Just four games into the season, Marshall is averaging exactly 100 yards per contest to go along with three touchdowns. Whether or not he continues to produce at that level remains to be seen, but Marshall’s torrid start has put him on pace to post some gaudy numbers, even by his standards.
In nine full NFL seasons, Marshall has surpassed the 1,500 yard mark just once, in 2012 when he posted 1,508 yards and 11 touchdowns. The following season he would see his receiving yards dip to 1,295, but he managed to score a career-high 12 touchdowns. Marshall’s 2015 start has him on pace for 1,600 yards and another 12 scores.
As a matter of fact, the only season that saw Marshall start off at a hotter pace was 2008 in Denver with the Broncos when then-Broncos quarterback Jay Cutler targeted Marshall an eye-popping 31 times, resulting in 24 receptions for 321 yards in the season’s first two games. Marshall would finish that season with 1,265 yds and 6 scores.
With Ryan Fitzpatrick as his trigger man, Marshall has been targeted at a rate more consistent with his 2011 and 2012 seasons when the ball was thrown his way 39 times through four games of each season, compared to 44 from Fitzpatrick, all of which pales in comparison to his 51 total targets from Cutler in 2008’s first four weeks.
Given the disparity in total targets, one could make the case that 2015 is Marshall’s best start ever in terms of sheer impact despite being 23 yards shy of his most productive start from a purely statistical standpoint.
The positives don’t end there either.
Making Marshall’s production even more impressive is the fact that he’s done it not only against some of the best cornerbacks in the NFL in Joe Hayden, Vontae Davis and Brent Grimes, but when facing the struggling Byron Maxwell and the Philadelphia Eagles, Marshall was often double-teamed but he didn’t seem to mind. Regularly facing multiple defenders with Eric Decker injured, Marshall pulled in a season-high 10 receptions for 109 yards and a touchdown.
The skeptics say that Marshall is no longer a threat to beat defenses deep, but this past Sunday in London’s Wembley Stadium, he kicked off the action by plucking a 58 yard reception out of the air while matched up one-on-one against Grimes. That’s not something we’re likely to see from Marshall very often, but just showing he can do it from time to time will mean it’s something defenses have to respect and prepare for.
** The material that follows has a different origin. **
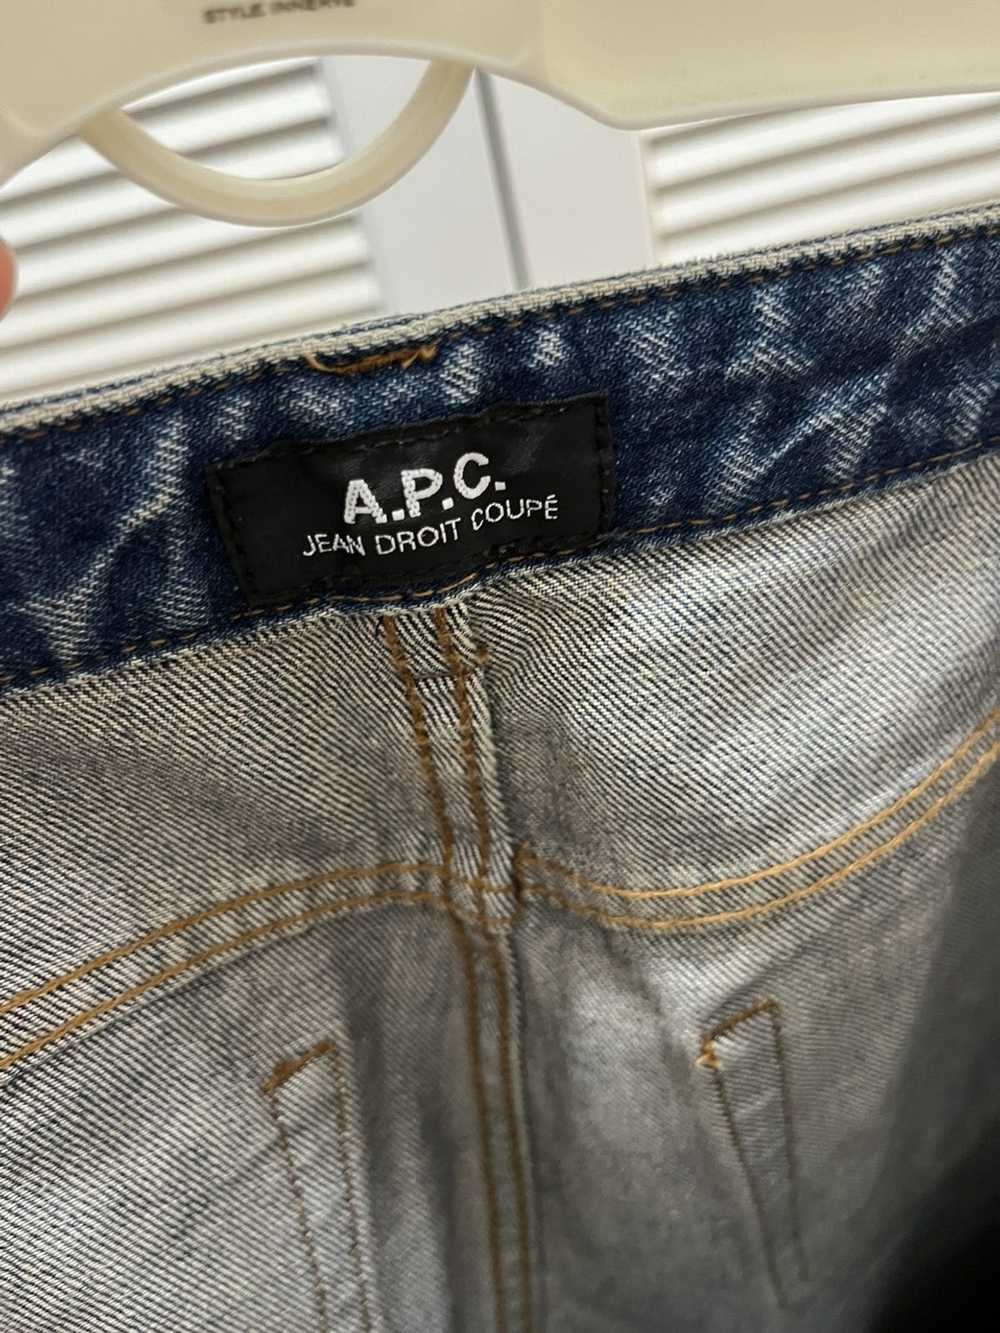 A.P.C. A.P.C. distressed cropped jeans - image 4

Equally deserving of praise for Marshall’s big numbers has to be offensive coordinator Chan Gailey.
Several times this season, we’ve seen Gailey line Marshall up in the slot while calling on Fitzpatrick to hit him on a low-risk crossing route over the middle or on an out-route while having other receivers run some clear-outs. This has given Marshall the opportunity to not only find some open field, but to do so against defenders he’s able to out-muscle to gain yards after the catch. The result has been an average of 13.3 yards per reception, a number he has achieved just once over the course of his career as a full-time starter back in 2011 when he topped out at 15.0
Marshall has done everything the Jets have asked of him on offense this season, and it seems he’s determined, at the age of 31, to prove to the rest of the league that he means it when he says he’s still among the NFL’s elite pass-catchers.
If the 6′ 4” Central Florida product continues at his current pace, he won’t have to say it to anyone because the numbers to speak for themselves.